Es ist der Albtraum jeder freien Gesellschaft, in ihrem öffentlichen Raum jederzeit mit terroristischen Gewalttaten rechnen zu müssen. Allein der Gedanke daran säht Misstrauen und Angst. Um die ohnehin schon gereizte Stimmung gegenüber Muslimen überkochen zu lassen, sind keine monströsen Anschläge wie jene von 9/11, Madrid (2004) oder London (2005) nötig: Das lässt sich mit den von al-Adnani beschriebenen Methoden viel einfacher bewerkstelligen.
Doch gerade darin liegt das perverse Kalkül des Islamischen Staats. Es speist sich nicht zuletzt aus apokalyptischen Heilserwartungen (siehe Artikel hier). Alle Islamisten sind sich einig, dass die kommende Revolution das islamische Weltreich errichten wird, schreibt der liberale US-Publizist Paul Berman (Terror und Liberalismus und Was man über den Islamismus nicht sagen darf) in der deutschen Zeit.
Und der Weg dorthin führt nach Meinung vieler über die Aufwiegelung der Mehrheitsbevölkerung gegen die Muslime damit sich diese wiederum, so die krude Überlegung, so unterdrückt, marginalisiert und an den Rand gedrängt fühlen, dass sie gewaltsam zu rebellieren beginnen.
Dazu wird es klarerweise nicht kommen.
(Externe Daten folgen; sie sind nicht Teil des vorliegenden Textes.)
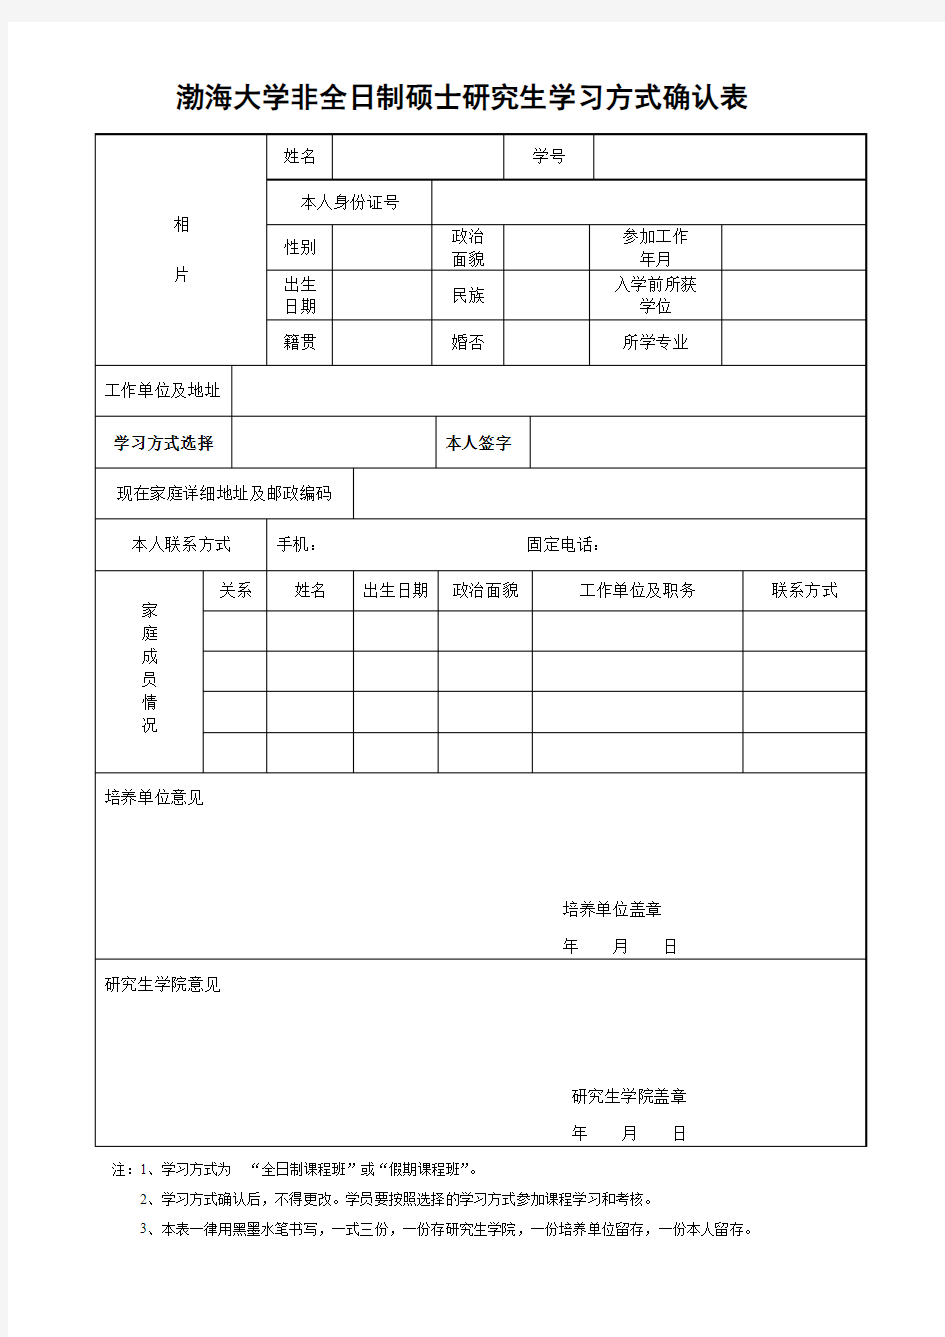 渤海大学非全日制硕士研究生学习方式确认表

Viele der europäischen Muslime 574.000 leben derzeit in Österreich mögen ein verstörend reaktionäres Gesellschaftsbild haben. Dennoch wird niemand annehmen, dass sie sich für die Errichtung eines Kalifats an einem Massenaufstand beteiligen werden, den der IS herbeifantasiert.
Aber selbst optimistischere Gemüter bei den hiesigen Sicherheitsbehörden gehen davon aus, dass Attentate wie jene in Montreal und Ottawa auch in Österreich nur eine Frage der Zeit sind. Und dann kann das Kalkül des IS In beschränktem Ausmaß durchaus aufgehen: dass ein Teufelskreis aus Verdacht, Ablehnung, Entfremdung und noch mehr Radikalisierung in Gang gesetzt wird, der weitere Attentäter vom Schlag eines Michael Zehaf-Bibeau hervorbringt.
Den kanadischen Behörden war es völlig entgangen, dass der Mann vom obdachlosen Kleinkriminellen mit Drogenproblemen, Wahnvorstellungen und entsprechendem Vorstrafenregister zum selbst ernannten Islamisten mutierte. Auch davon, dass er geplant hatte, nach Syrien zu reisen und sich dort am Dschihad zu beteiligen, erfuhr die Polizei erst von seiner Mutter.
Am vergangenen Freitag erklärte Kanadas Außenminister John Baird, Zehaf-Bibeau habe keine direkten Verbindungen mit dem Islamischen Staat gehabt. Das Gleiche gilt für Martin Couture-Rouleau, den Attentäter von Montreal auch er war zwar ein Sympathisant des IS, aber keineswegs in das Terrornetzwerk eingebunden.
Und das ist in Wahrheit eine schlechte Nachricht.